Model Profiles for NVIDIA RAG Blueprint#

Use the following documentation to learn about model profiles available for NVIDIA RAG Blueprint.

This section provides the recommended model profiles for different hardware configurations. You should use these profiles for all deployment methods (Docker Compose, Helm Chart, RAG python library, and NIM Operator).

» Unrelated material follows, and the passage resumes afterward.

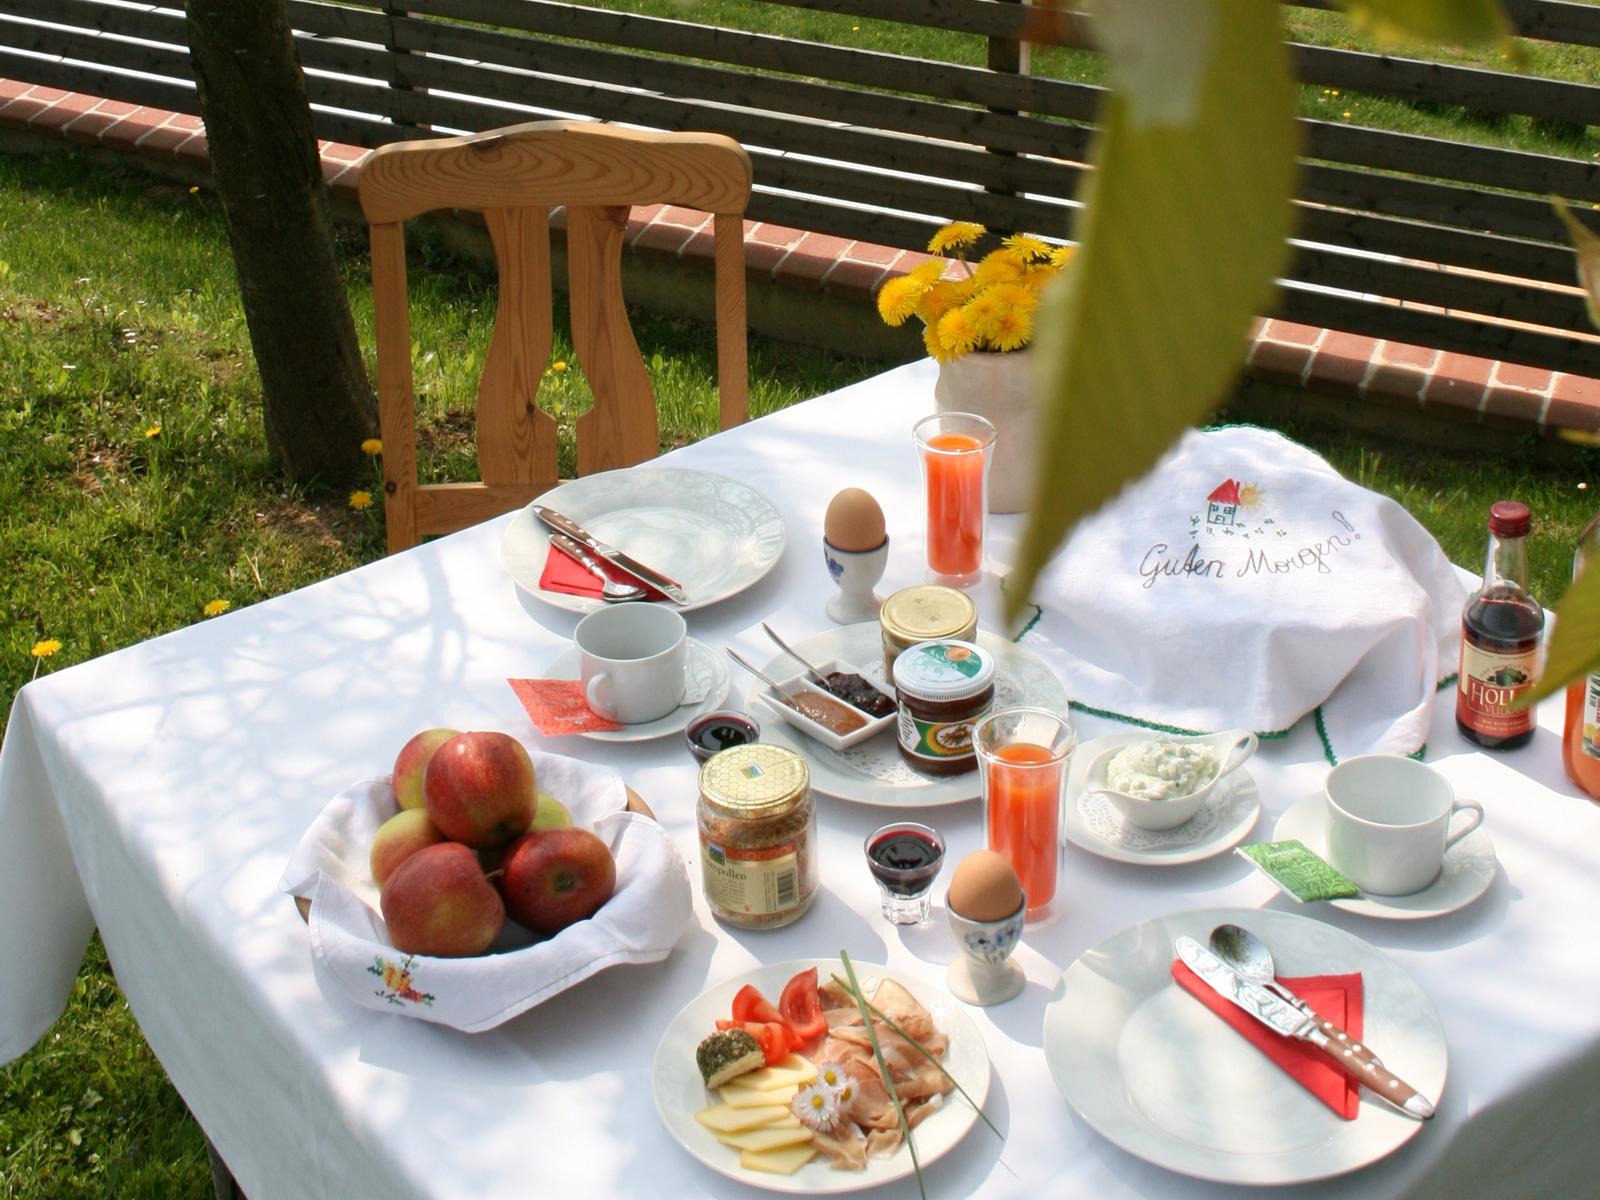 Urlaub im Ferienhaus mit Vulkanland-Frühstück

Profile Selection Guidelines#

TensorRT-LLM profiles (tensorrt_llm-*) are recommended for best performance
For multi-GPU setups, ensure proper GPU allocation by setting LLM_MS_GPU_ID environment variable in docker setup.
Always verify available profiles using the list-model-profiles command before deployment

List Available Profiles#

To see all available profiles for your specific hardware configuration, run the following code.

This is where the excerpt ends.